January 31, 2022 - Natasha Holmes - Cornell University

"The trouble with traditional physics labs"

When you ask physicists to reflect on their intro labs, responses include “boring”, “forgettable”, or “cookbook.” What is so wrong with the traditional lab? An instinctive answer is the structure: students follow procedures without having to think about what’s going on. In this talk, I’ll present work that challenges this instinct and I’ll suggest an alternative answer: namely, that the fundamental goal to use labs to demonstrate phenomena is problematic. I’ll describe several studies that have used quantitative assessments of student learning, analysis of student work, and videos of students conducting lab experiments to shed light on this issue. I’ll also briefly describe how we’ve restructured our introductory lab courses in response to these results.

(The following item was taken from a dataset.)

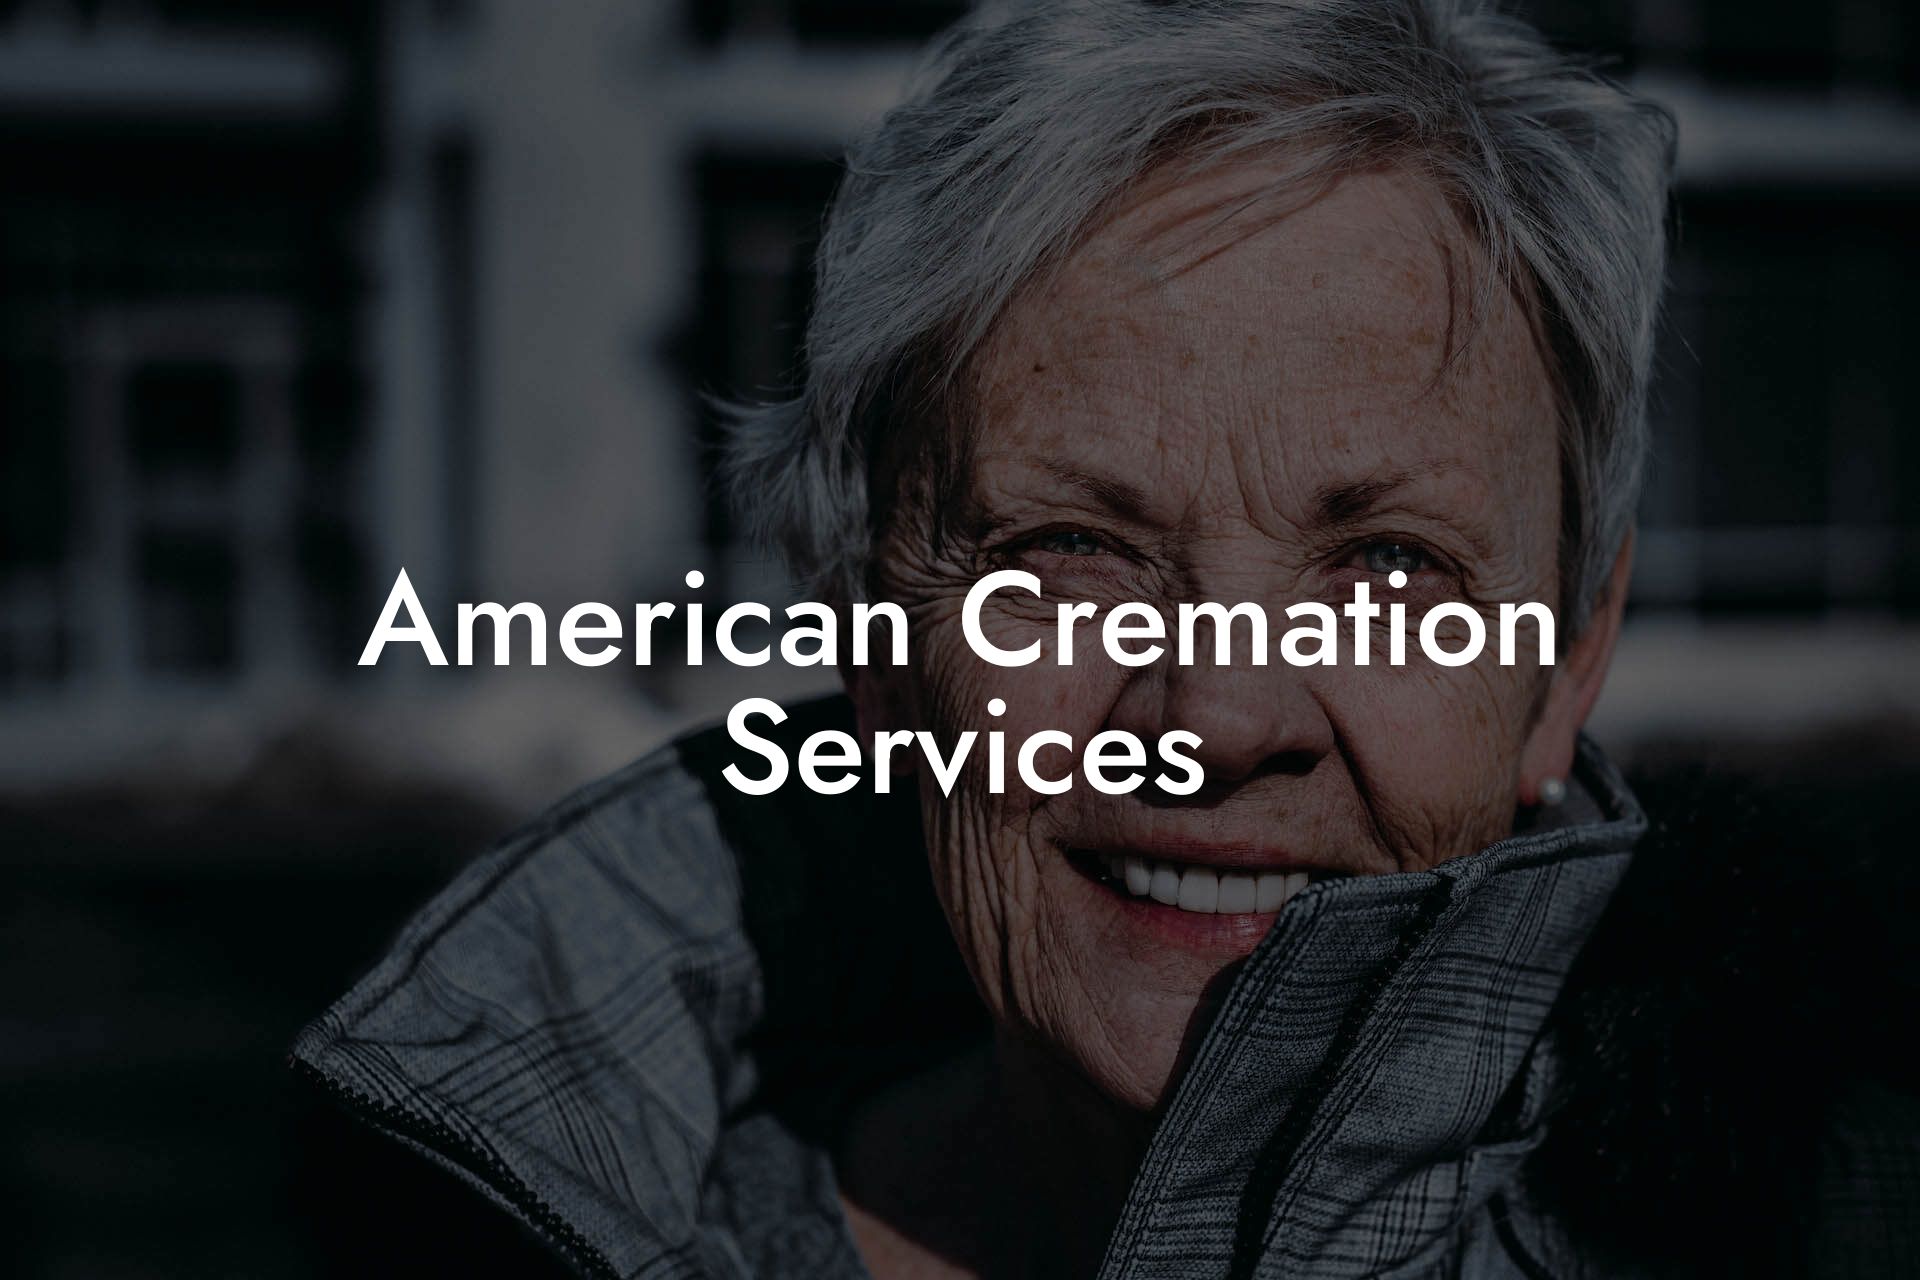 American Cremation Services

March 7, 2022 - Tova Holmes (University of Tennessee)

Going the Distance: Searching for Overlooked Physics at the LHC

The LHC has reached a new era: nearly a decade without any large jumps in energy or luminosity. For those interested in finding Beyond the Standard Model (BSM) physics, a paradigm shift is required. In my talk I’ll discuss a search program looking for long-lived particles, which often escape detection from standard BSM searches, due to the difficulty of identifying their unconventional signatures. This results in a long-lived particle landscape full of unexcluded territory, opening up opportunities to find TeV-scale Supersymmetry, hidden sectors, right-handed neutrinos, and more. My talk will explore how and why we should search for these new signatures.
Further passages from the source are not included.